Pangenome analysis of nine Soybean Cyst Nematode genomes reveal hidden variation contributing to diversity and adaptation

Background Soybean cyst nematode (SCN) poses a persistent challenge to soybean production. SCN populations repeatedly overcome resistant cultivars, resulting in crop yield loss. Reference-genome driven analysis limits our knowledge of intraspecific diversity, impeding our understanding of virulence evolution and host adaptation. Here, we leverage high-fidelity long-read sequencing and comparative analysis to generate a pangenome from nine SCN populations differing in their pathotypes. Results In this study we compared 9 SCN genomes, including 8 new assemblies at the chromosome level. We identified over 19,000 orthologous gene families, with nearly 50% comprising the conserved core genome. A large portion of the core genome (40%) exhibited signatures of more rapid evolution in a positive selection analysis, particularly in domains related to host interaction and immune evasion. Structural variants in genomic regions under selection suggest population-specific haplotypes that may underlie differential virulence.
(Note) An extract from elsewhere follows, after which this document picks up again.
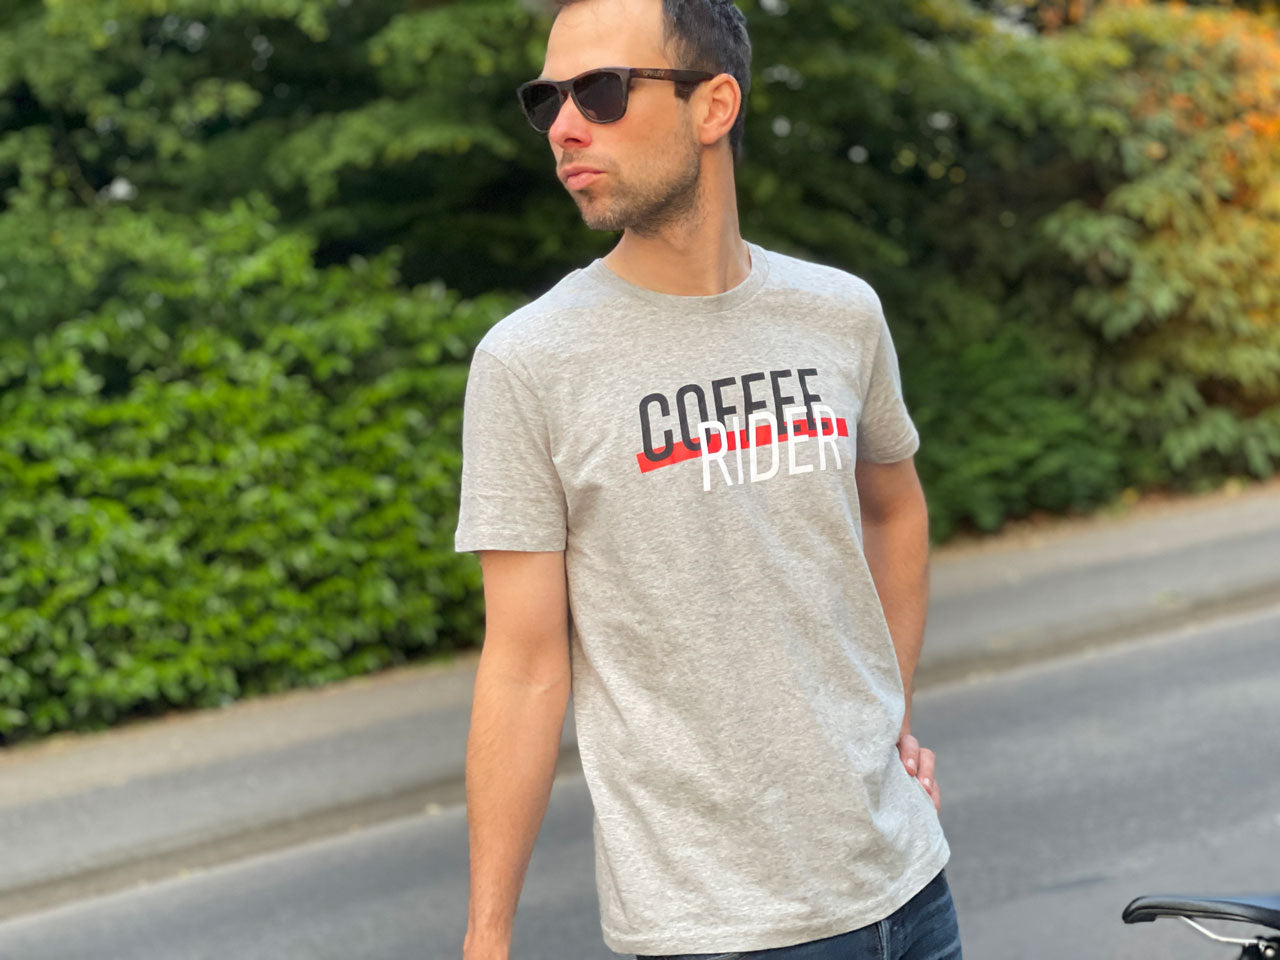 Eine Person steht mit einem grauen T-Shirt und der Aufschrift Coffee Rider vor einer Hecke

Furthermore, the secretome, comprising ~ 1,400 genes per genome, revealed dynamic effector content across accessions. Conclusions Our study highlights the power of pangenomics in revealing hidden genetic diversity in SCN. The dynamic nature of both core and accessory genomes, shaped by selection and structural rearrangements, illustrates the genomic evolutionary arms race between SCN and soybean. These insights provide a foundational resource for resistance breeding and pathogen surveillance, with broader implications for managing rapidly evolving crop pathogens.